Just to sum up, mostly for my own reference, but I thought others might find it useful. (I am new to the site, so please excuse me if this shouldn't be an answer...)
First some preliminary notions:
For a topological space $X$, an $n$-simplex in $X$ is a continuous map $\Delta^n \to X$ from the standard geometric $n$-simplex $\Delta^n$ into $X$. The maps $d^i: \Delta^{n-1} \to \Delta^{n}$, sends $\Delta^{n-1}$ to the face of $\Delta^n$ sitting opposite the $i$th vertex of $\Delta^n$.
An ordered $n$-simplex is a partially ordered set $n_+ = \{ 0 < 1 < \cdots < n \}$. The $n+1$ elements of $n_+$ is called the vertices of $\sigma$. The subsets of $n_+$ are called the faces of $\sigma$. There are morphisms of simplices $d^i: (n-1)_+ \to n_+$ called coface maps, given by $d^i((n-1)_+) = \{ 0 < 1 < \dots < î < \cdots < n \}$ omitting the $i$th vertex of $n_+$.

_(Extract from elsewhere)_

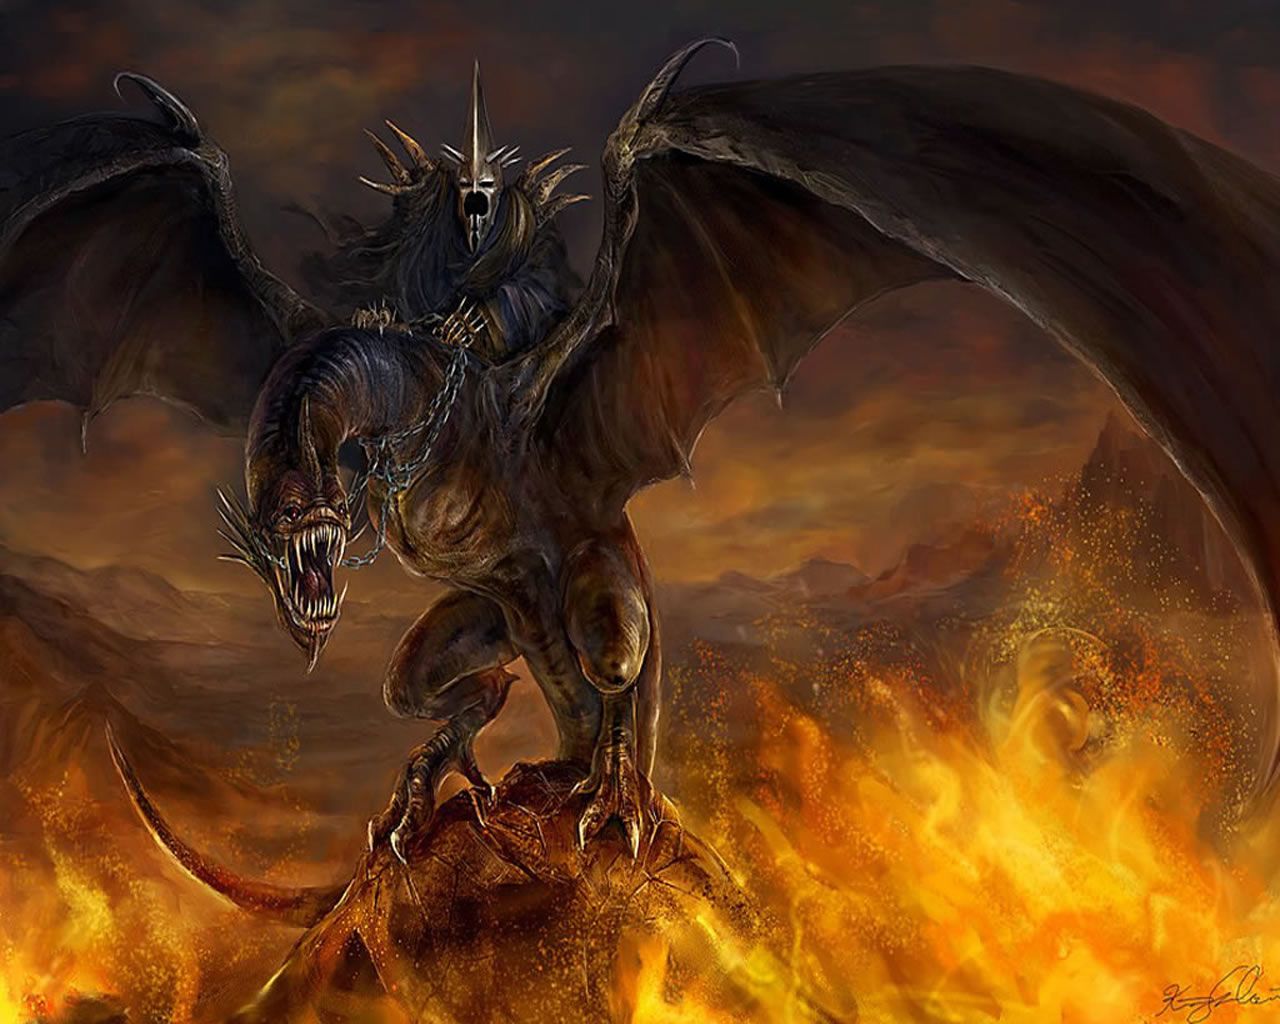 le seigneur des anneaux fond d'écran hd,dragon,oeuvre de cg,démon,mythologie,créature mythique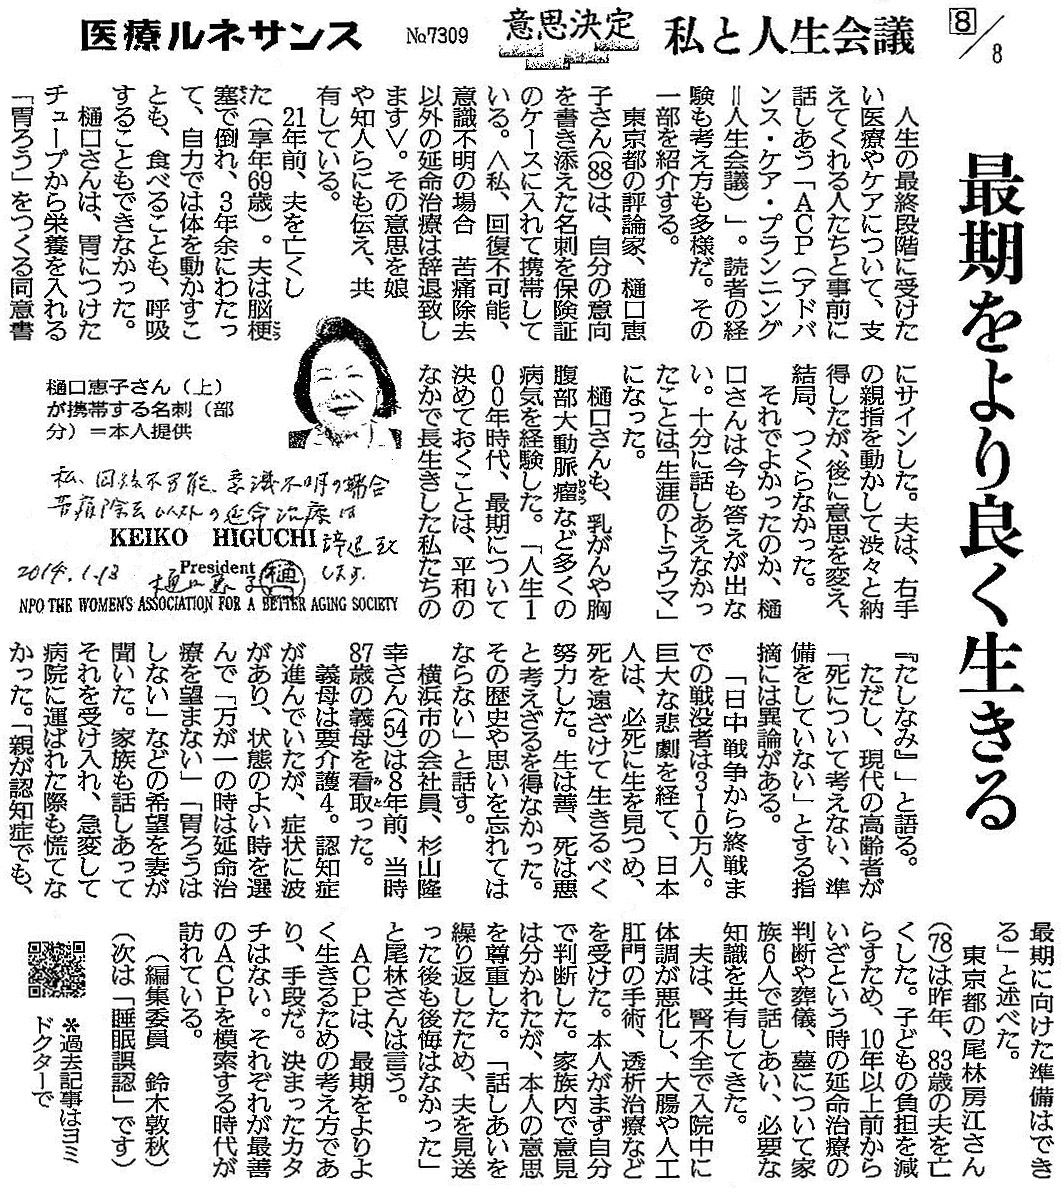 読売新聞 2020年6月23日 掲載記事

Then for the two homologies:
The singular (unreduced) chain complex on a space $X$, is the chain complex
$$\cdots \xrightarrow{\partial_{n+1}} C_n(X) \xrightarrow{\partial_n} C_{n-1}(X) \xrightarrow{\partial_{n-1}} \cdots C_1(X) \xrightarrow{\partial_1} C_0(X) \to 0$$
where $C_n(X)$ is the free abelian group $\mathbb{Z}[S_n(X)]$ generated by the set $S_n(X) = \{ \sigma : \Delta^n \to X \}$ of all $n$-simplices in $X$ (i.e. the set of all continuous maps $\Delta^n \to X$). The boundary maps $\partial_n : C_n(X) \to C_{n-1}(X)$ is given by $\partial_n (\sigma) = \sum_{i=0}^{n}(-1)^i \sigma d^i : \Delta^{n-1} \to \Delta^n \to X$.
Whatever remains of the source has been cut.